British Airways, Ryanair and Easyjet have sent a letter to the government claiming the quarantine policy is “unjustified”, “disproportionate” and “unfair”. British Airways also claims it was not properly consulted.

The group argues that the 14-day self-isolation requirement is disproportionate compared to the seven day ‘stay-at-home’ rule for those diagnosed with coronavirus. 

Also, they argue, quarantine measures are only effective when travel is restricted from countries with higher rates of infection to Britain – the rate of infection in the UK is currently higher than in Europe. This view is backed by the government’s own scientific advisers. 
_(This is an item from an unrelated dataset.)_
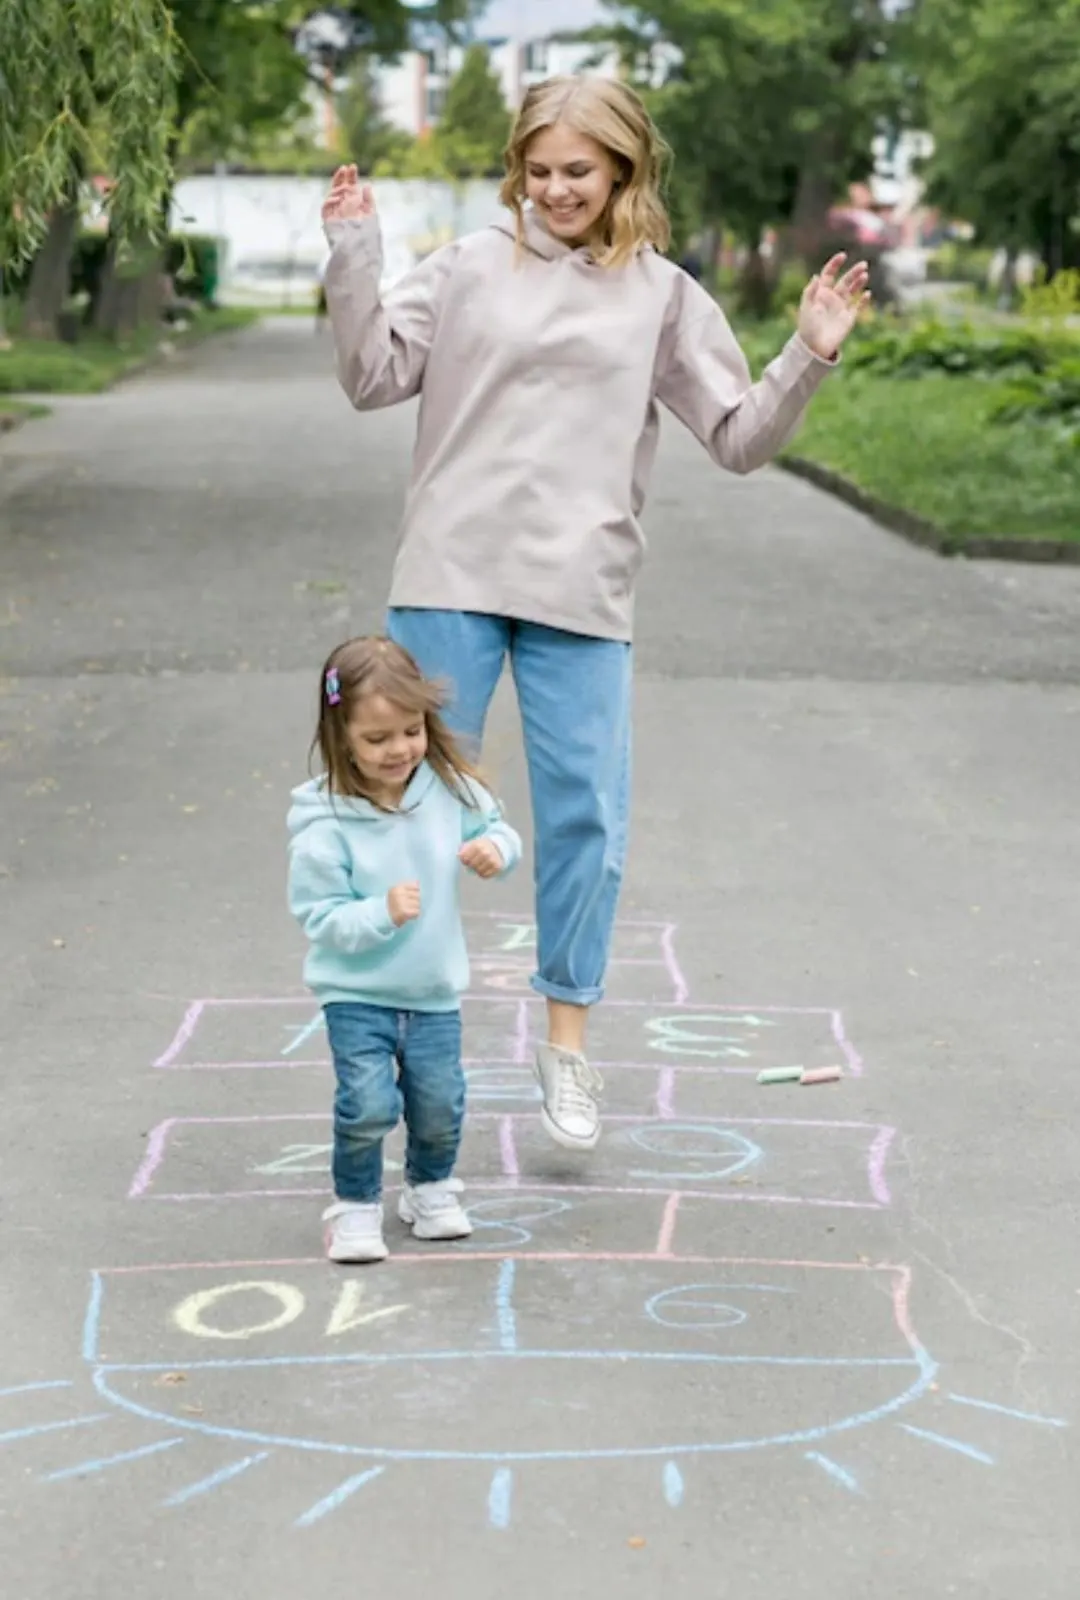 mom and daughter playing hopscotch

The policy is also considered unfair and discriminatory because international ‘commuters’ who travel weekly to the UK are exempt. Enforcement between the regions also differs, with Scotland, Wales and Northern Ireland allowed to decide their own penalties for breaching the quarantine.

The chief executive of Loganair, Jonathan Hinkles, told BBC Radio, “At the right time, we would have supported quarantine. The government put the country into lockdown on March 23. Surely the right time to be looking at quarantine regulations was around that time?”

All four UK nations have now tabled the legislation, which has also been backed by Labour, the UK’s opposition party. 

Britain’s prime minister, Boris Johnson, is said to be looking into putting ‘air bridges’ in place, which would allow British holidaymakers to travel to certain countries and not have to self-isolate on their return to the UK.

The UK has one of the highest coronavirus death rates in the world. On June 7, deaths fell to fewer than 100 for the first time since lockdown began, with no deaths recorded in Scotland or Northern Ireland.